Miroslav Holub: The end of the world

I would like to publish an eclectic anthology. I don’t know yet who will be included or excluded, it is a journey of first steps. Today, I try to say what I like about this little verse by the Czech immunologist and poetic giant Miroslav Holub, called ‘the end of the world’.

The bird had come to the very end of its song
and the tree was dissolving under its claws.

And in the sky the clouds were twisting
and darkness flowed through all the cracks
into the sinking vessel of the landscape.

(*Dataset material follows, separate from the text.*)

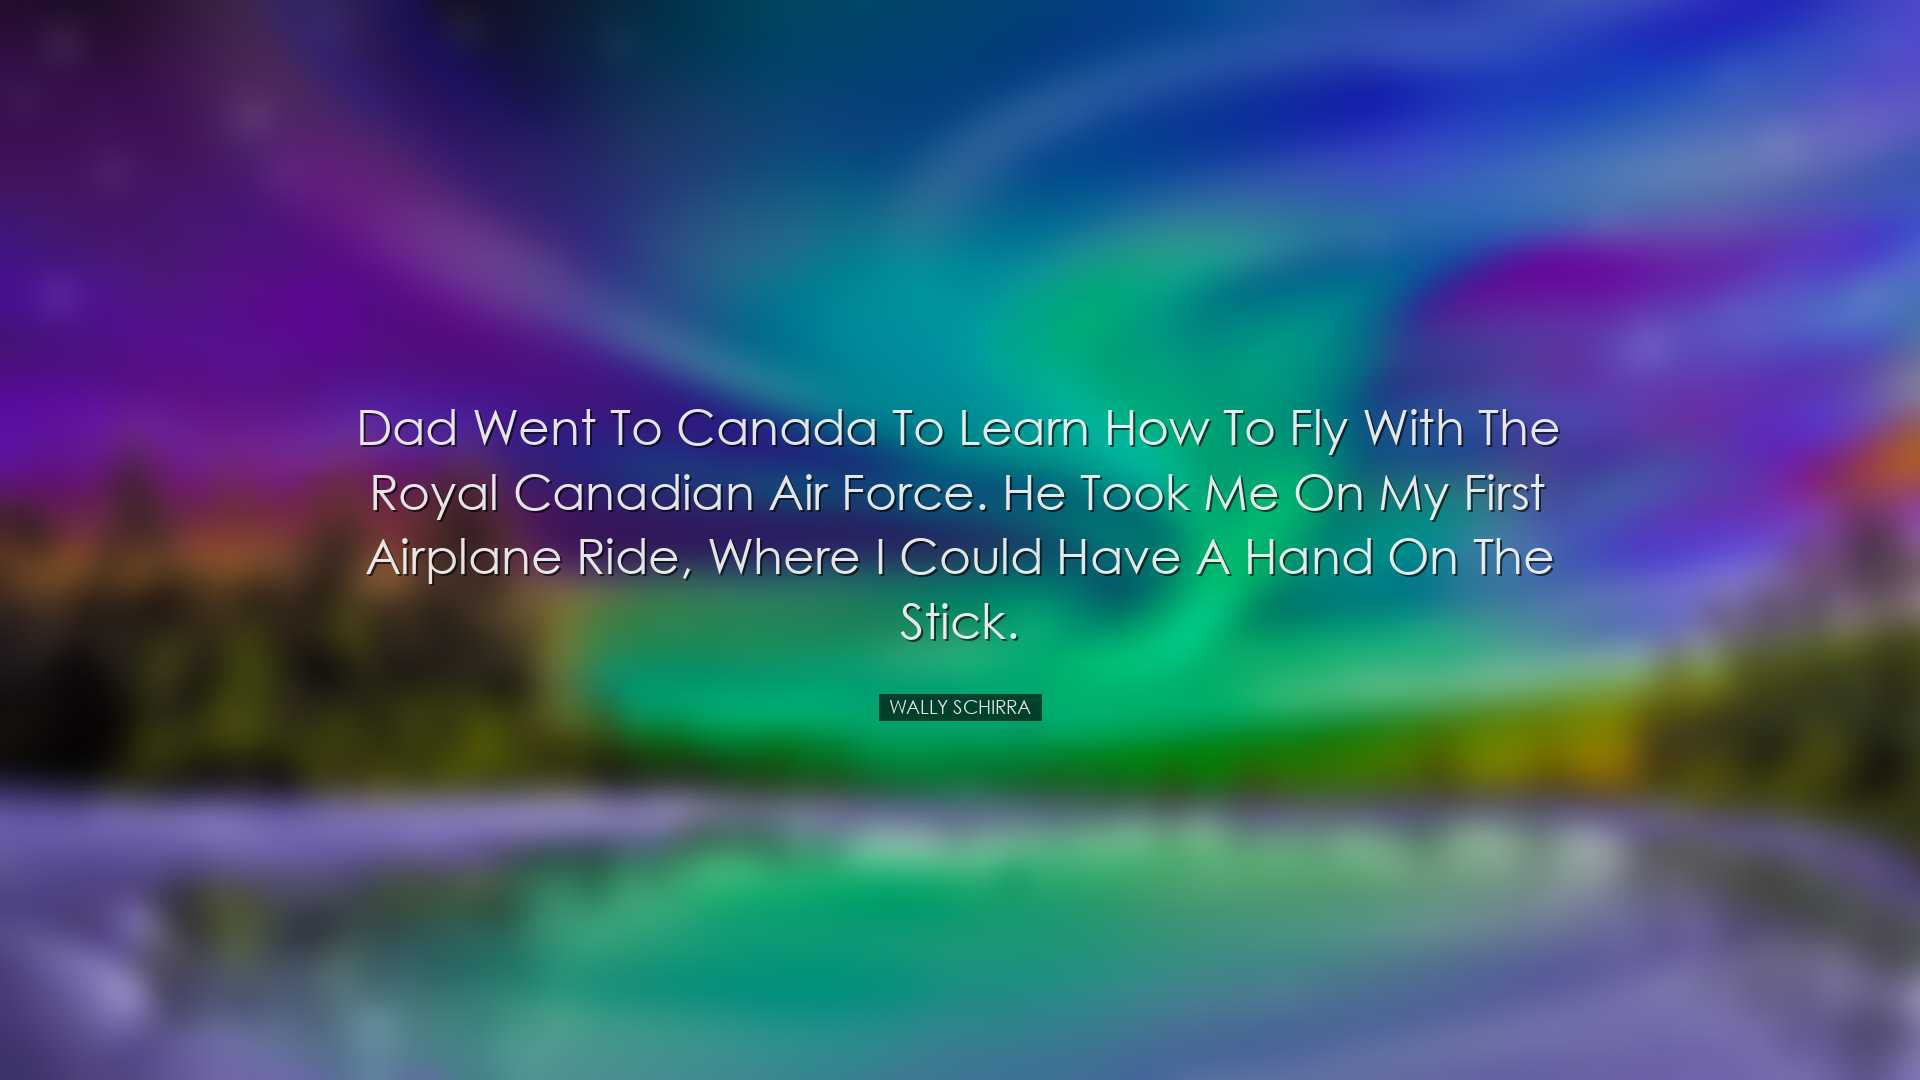 Dad went to Canada to learn how to fly with the Royal Canadian Air
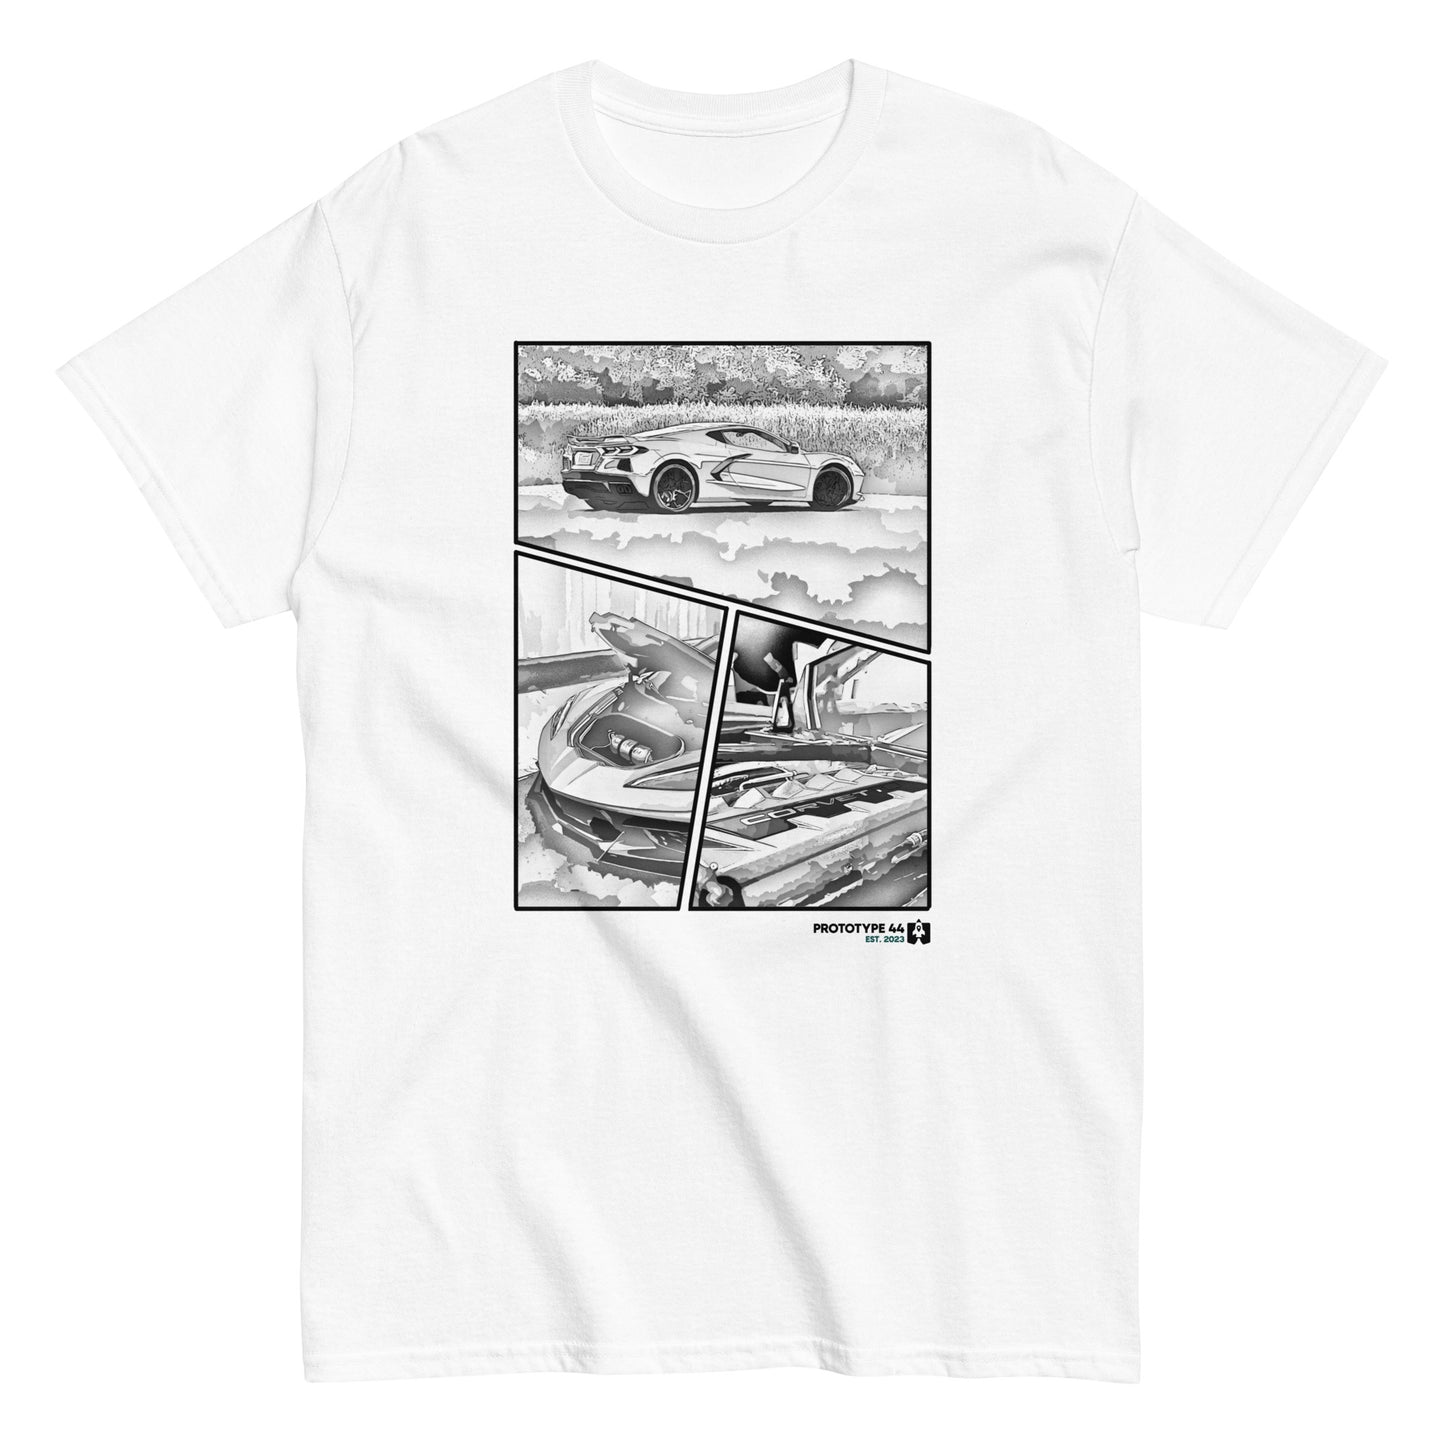 t-shirt with 3 panel manga, corvette side view, engine bay, frunk open

Only in the telegraph wires
a message still
crackled:

C-.-o—m–e. h…o—m–e.
y-.–o—u..- h…a.-v…-e.
a.-s…o—n-.

We meet a very anthropomorphic bird who has the notion of the ‘end’ of a song. The end of our song is the end of all meaning. After that, everything dissolves.
Then, ‘darkness flowed through all the cracks’. When I read cracks, I hear Leonard Cohen singing ‘and that is how the light gets in’. But here it’s darkness and there is no escaping it. The landscape is sinking, not dissolving. There is a life after the song, but it consists of sinking darkness while everything else has dissolved.

Against this background, the message in the telegraph wires, is as powerful as can be. Holub once said he wants to make his short lines as effective as possible. We don’t know if the message in the telegraph lines is orphaned or if the messenger is still alive. I assume there is nobody to read this message. The poem tells us that technology survives the end of meaning. And that makes sense, since Holub was an acclaimed scientist.

The message announces a newborn son, so it is safe to say (I hope gender studies scholars will forgive me here) that the adressee is a male. To become a parent is one of the most meaningful things that can happen to you, and here we are: in a barren, sinking landscape at the end of the world where birds don’t sing (or crackle) anymore – we have come to the end of meaning. Yet technology still serves its master, relentlessly loyal, beyond the end of the world.